In Sidewalk Dancing, Letitia Moffitt gives us scenes from the lives of a family of three, telling their story in a collection of tales. The stories, most of which have been individually published in magazines, work on their own though they are best read as chapters in the given order. The chilling first story, “Knives,” whose punch will be better appreciated by the end of the collection, is followed by “Model Homes,” set in Hawaii, where we read about Grace, a Chinese immigrant, and her husband, George, a city planner, who move with their daughter, Miranda, into an impractical house, designed by him, that looks like a starfish. It is the summer of 1970, and Grace presciently sees their lives unfolding there. The writer uses the house to good effect and the reader will feel touched reading the last story, “Sidewalk Dancing,” when Moffitt skillfully imparts additional significance to the home in the trio’s entwined destinies.
In her third story, “Only Say True,” Moffitt echoes Amy Tan in exploring the mother/daughter relationship and she actually invokes Tan as a source of friction between Grace and Miranda. Grace wants her daughter, who majored in English Literature, to be a successful writer like Tan, whereas her ambition for herself is only to be a good wife and mother. Though Grace often sounds like a stereotypical Chinese immigrant, she and her husband are eccentrics and outsiders. The mother fears intruders will break into their house and she goes through several phases; first, at night, she props chairs against doors, then she hangs decorative Christmas bells on doorknobs, and after that she makes her daughter leave dog food on the porch.

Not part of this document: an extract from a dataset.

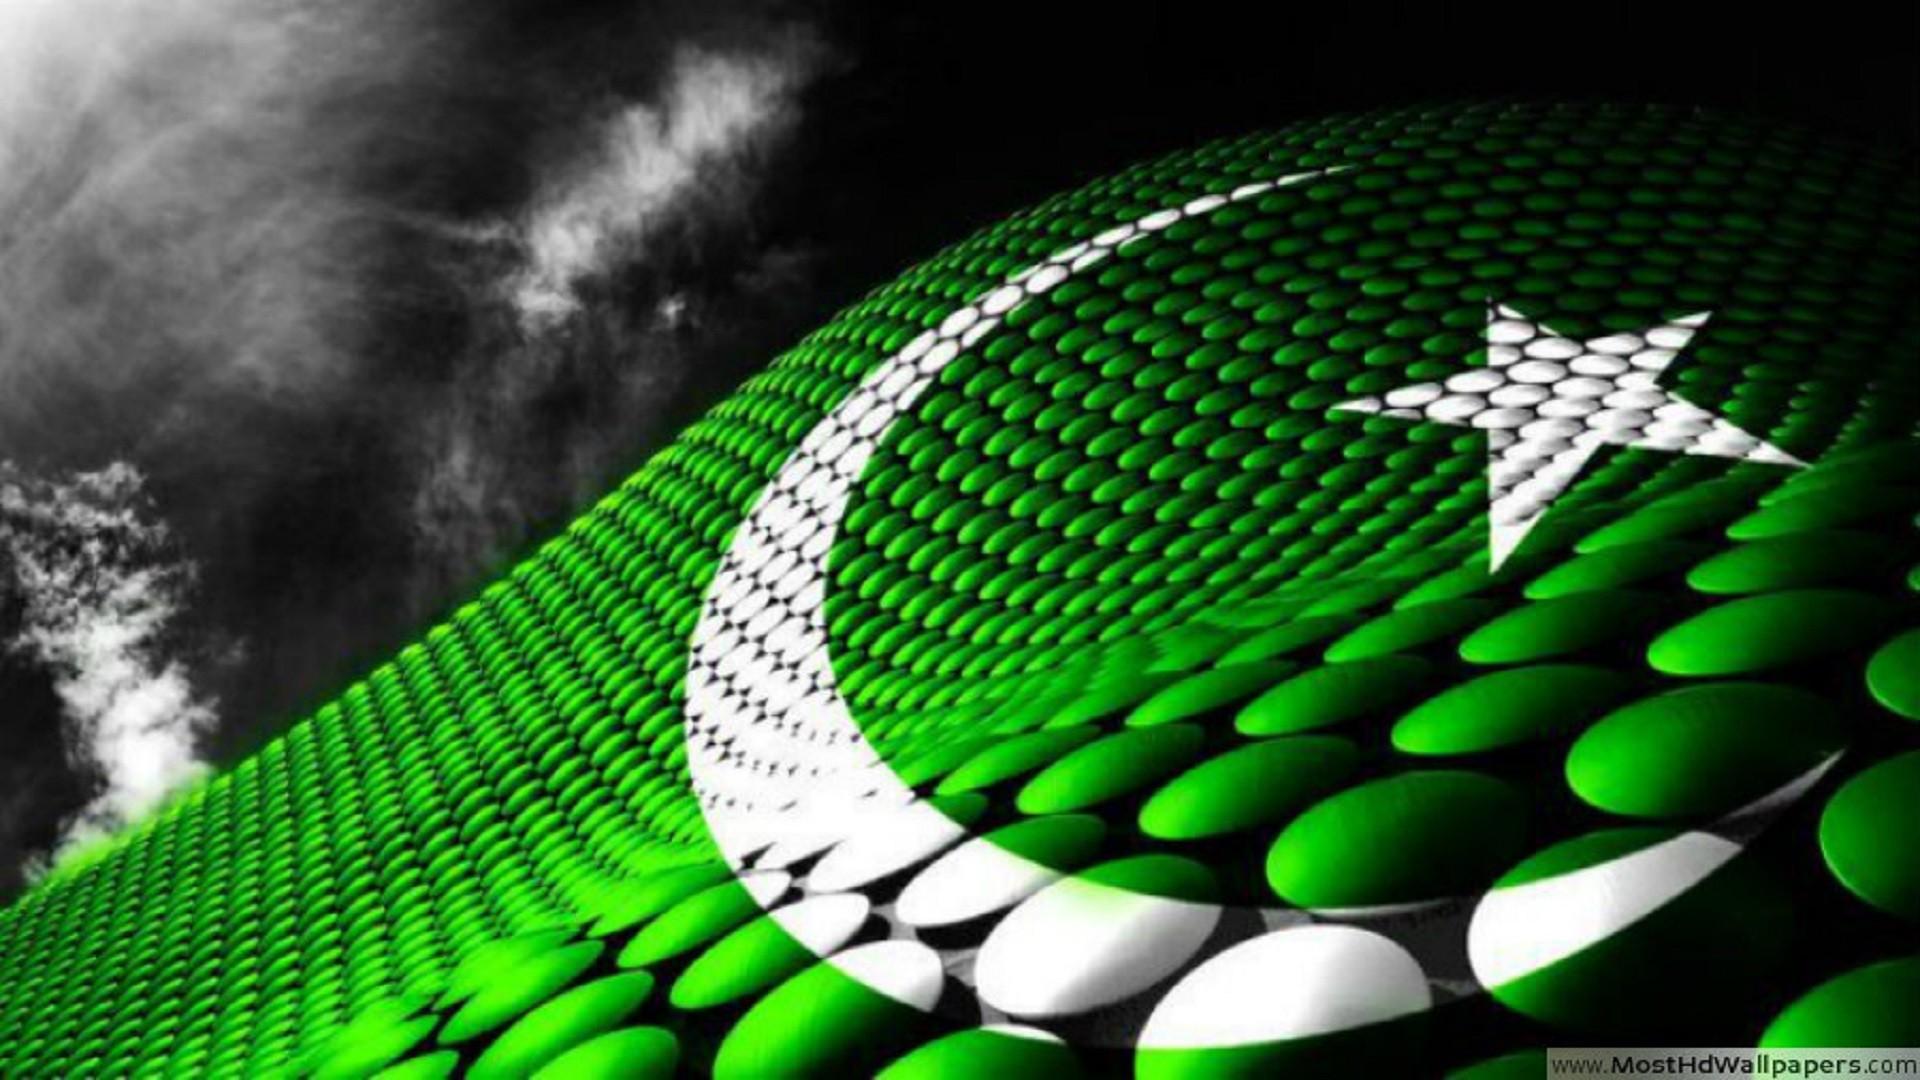 3d pakistan flag wallpaper 2018 top 10 60 images - Top hd wallpapers 2018 ...
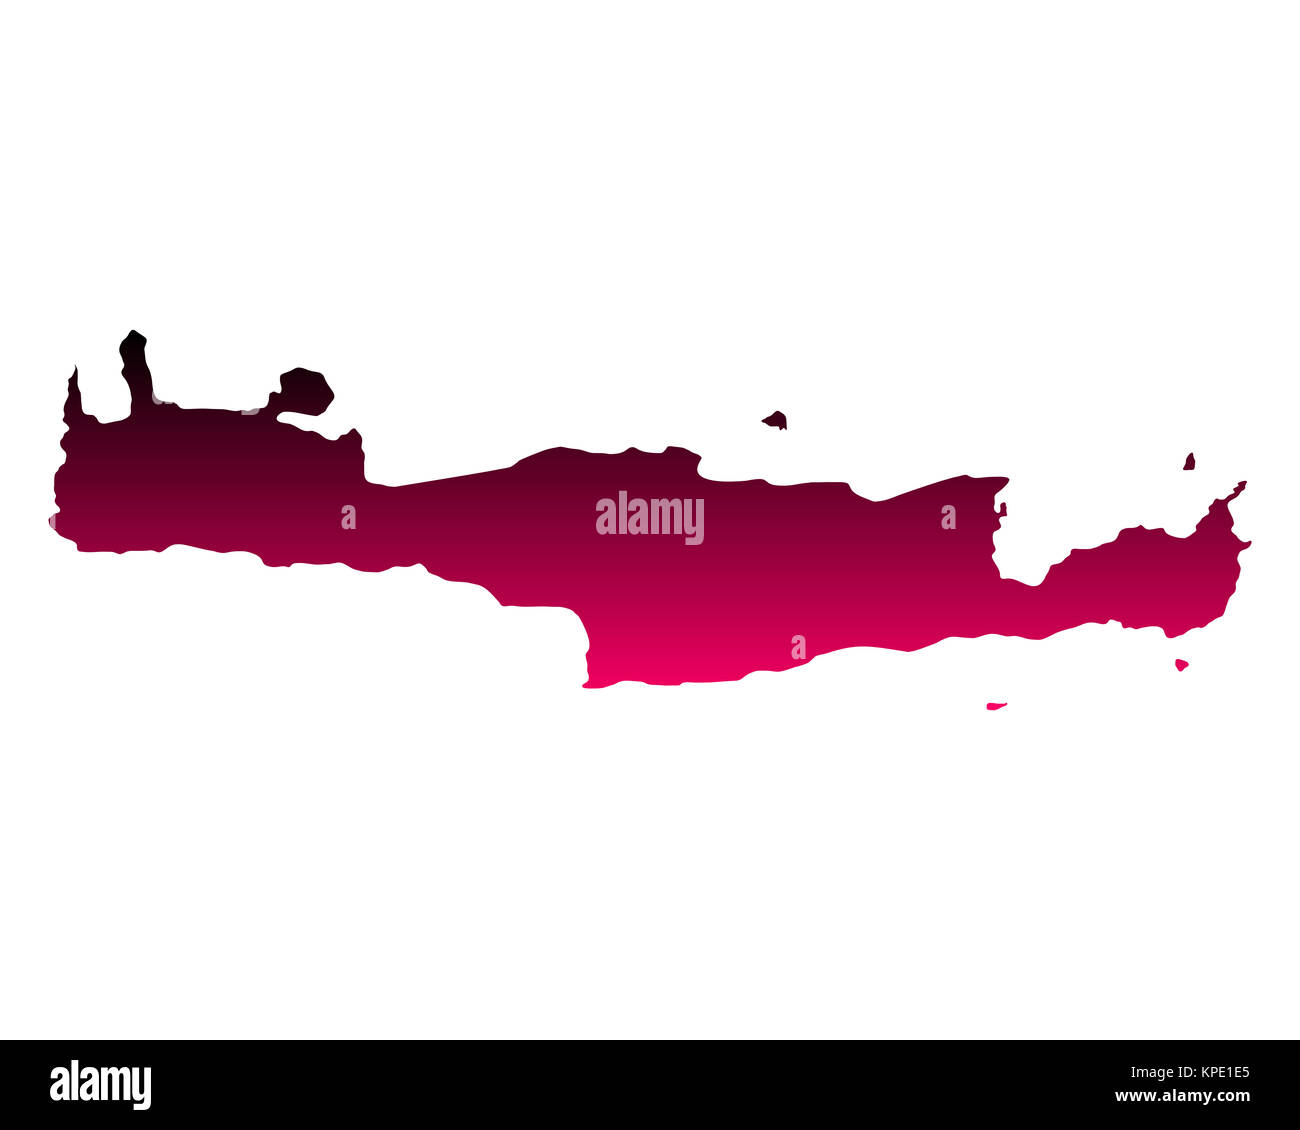 Karte von Kreta - Stock Image

The father is a follower of Thoreau, thrice divorced, full of unpractical ideas, and unable to hold a job down until he and his wife open a restaurant. One of the best stories, “Codicils,” deals with his fear of dying prematurely after he attends his mother’s funeral.
Moffitt refreshingly combines the stories to construct a novel instead of just developing interconnected tales. One of the advantages of this form, less than an actual novel but greater than a collection of stories, is that the writer can afford to be sparing. She doesn’t overburden us with a full account of how Miranda came to be the way she is though we understand she didn’t have a chance to grow up to be a normal kind of person and have an ordinary life. The stories build upon each other, drawing us further into the familial world the author creates, which also gradually extends to Grace’s relatives. Moffitt may be sparing about events, but not so with her details, which can either blossom or drag down her prose. Here her language is rich: “The shop was filled with bolts dripping blazing lames, stifling taffeta, a million shades of pink from blinding neon to washed-out pale, screaming florals and foaming lace.”
In the titular story, she skillfully sweeps us through time, backward and forward, as well as gives us an arresting paragraph where time slows for the reader: “That very morning, in fact, she found a wounded mynah flopping on the side porch, one wing crimped up over its back like a cape, lurching as if palsied, seriously injured and suffering. She had to break its neck quickly before anyone else saw, with a sharp, practiced gesture (so many things people didn’t know she had done, could still do–things they’d never know about her). The bird made a peculiar sound, like a long sigh of relief, when she did it.”
The stories about the couple employ the third person point of view whereas those featuring Miranda employ the first person narrator, except for “Incognito,” where the character uses the second person pronoun to good stylistic effect. The shift in perspective adds to the jigsaw puzzle effect of the story, though the self-absorbed Miranda can be a tedious narrator. We don’t have a short story celebrating a positive emotion or a happy event or an accomplishment (George’s house turns out to be a failure), not that it is a shortcoming. Sidewalk Dancing showcases the messy lives of a dysfunctional family without ever giving us a complete picture, but the pieces we have are enough.